We next compare NSCORE2 and Θ-SAVI on the TRI LBM hardware data from Barreiros, et. al., 2025, using the structured binary success-failure metrics (right-hand side). We observe exact overlap in time-to-decision for each method on each task, illustrating the near-quivalence of the methods when the data is known to be Bernoulli a priori.
Next, we compare fully nonparametric methods on general progress metrics by comparing NSCORE∞ with the WSR procedure. On simulated data from progress metrics of policies trained on the RL Mujoco baselines (using the CleanRL Implementation), we observe the hypothesized Pareto dominance: when the comparisons are easy, NSCORE∞ and WSR are similar; when the comparisons are hard, NSCORE∞ significantly outperforms WSR.

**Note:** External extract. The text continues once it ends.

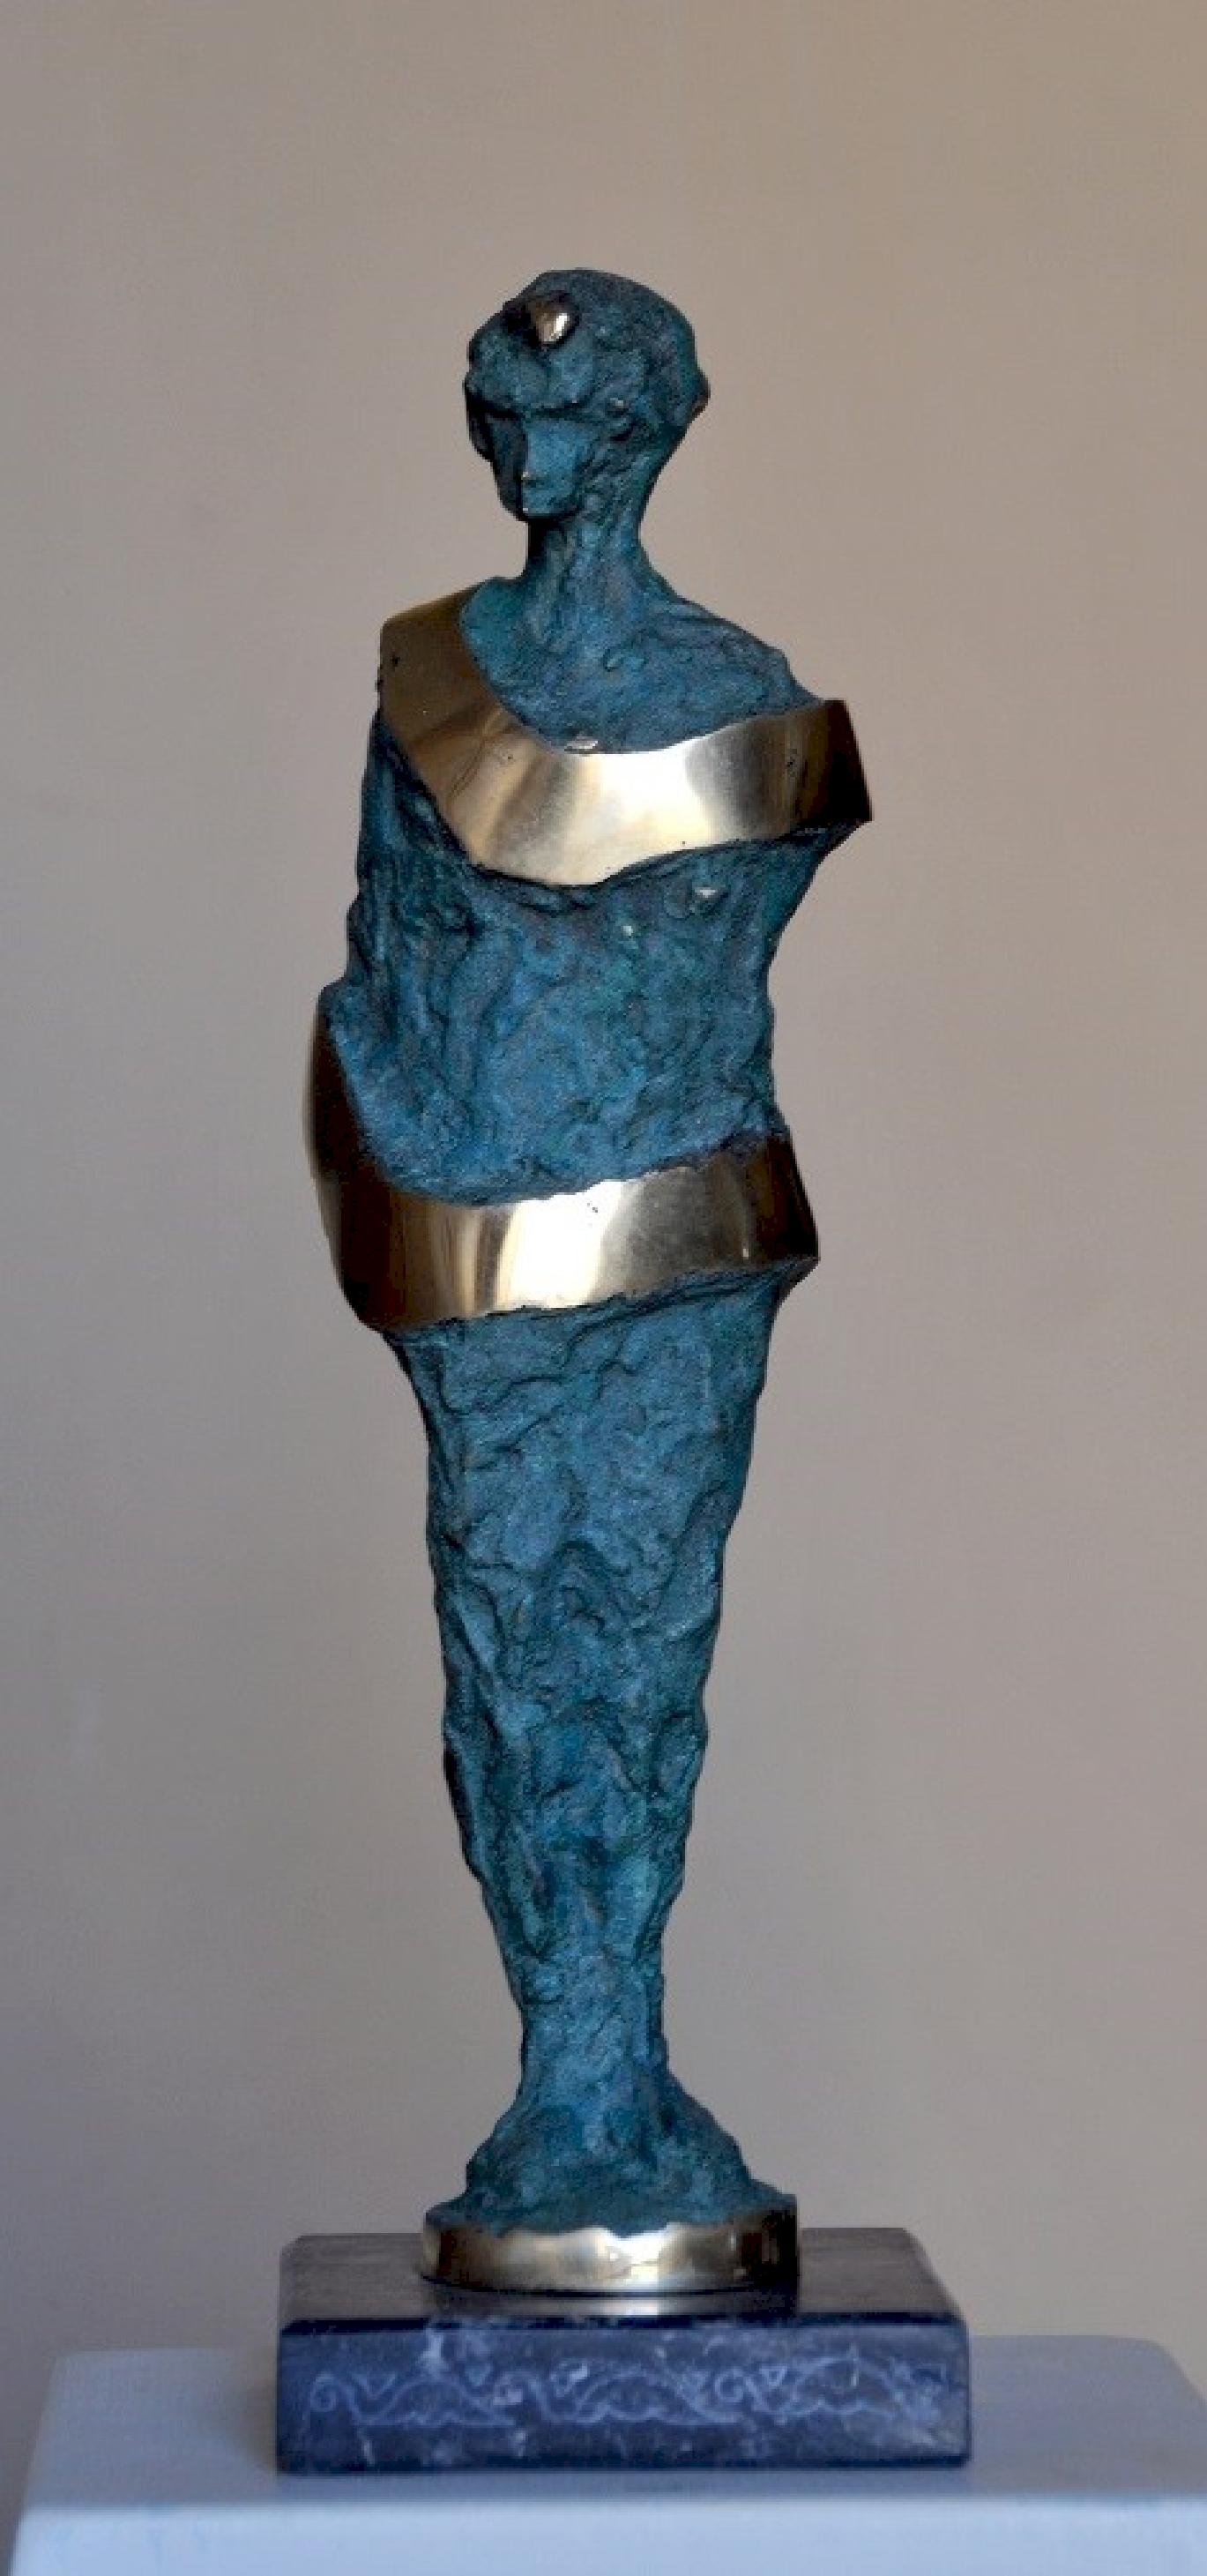 "Geschmückt II" Bronze-Skulptur 14" x 4" x 2" Zoll von Sarkis Tossonian			

Sarkis Tossoonian wurde 1953 in Alexandria geboren. Er schloss sein Studium an der Fakultät für Bildende Künste/Bildhauerei 1979 ab. Seit 1980 und bis heute stellt er in

Finally, we compare NSCORE∞ and WSR on the RoboArena hardware data from Atreya, et. al., 2025, simultaneously comparing four policies to effect a complete, statistically valid ranking. Each policy has 641 rollouts in the dataset; data for the policy is added until each pairwise comparison including that policy is terminated. Note how quickly PG-Bin is separated from every other method (18 trials or fewer per comparison); sequential comparison allows for active decisions over which data to collect, and the benefits can be amplified in multihypothesis settings (i.e., with more than 2 policies). The total number of requisite evaluations can be taken by summing over the numbers in each figure. From 2560 total evals in the dataset, NSCORE∞ requires only 1440 for a full ranking; WSR requires 1880, and fails to separate PG-Diff from π0.
Sensitivity to α
The dynamical system intuition allows us to formalize the logarithmic dependence of the expected time-to-decision on the Type-1 Error level, α. For a given evaluation problem (or distribution of evaluation problems), there exists an aggregate expected growth rate. Thus, the expected scaling of time-to-decision is logarithmic in α. We show this for synthetic nonparametric data, using NSCORE∞ to regress on time-to-decision. We estimate for this distribution of evaluation problems an approximate expected growth rate of 1.103, resulting in an expected increase of 23.4 additional evals per 10x reduction in α.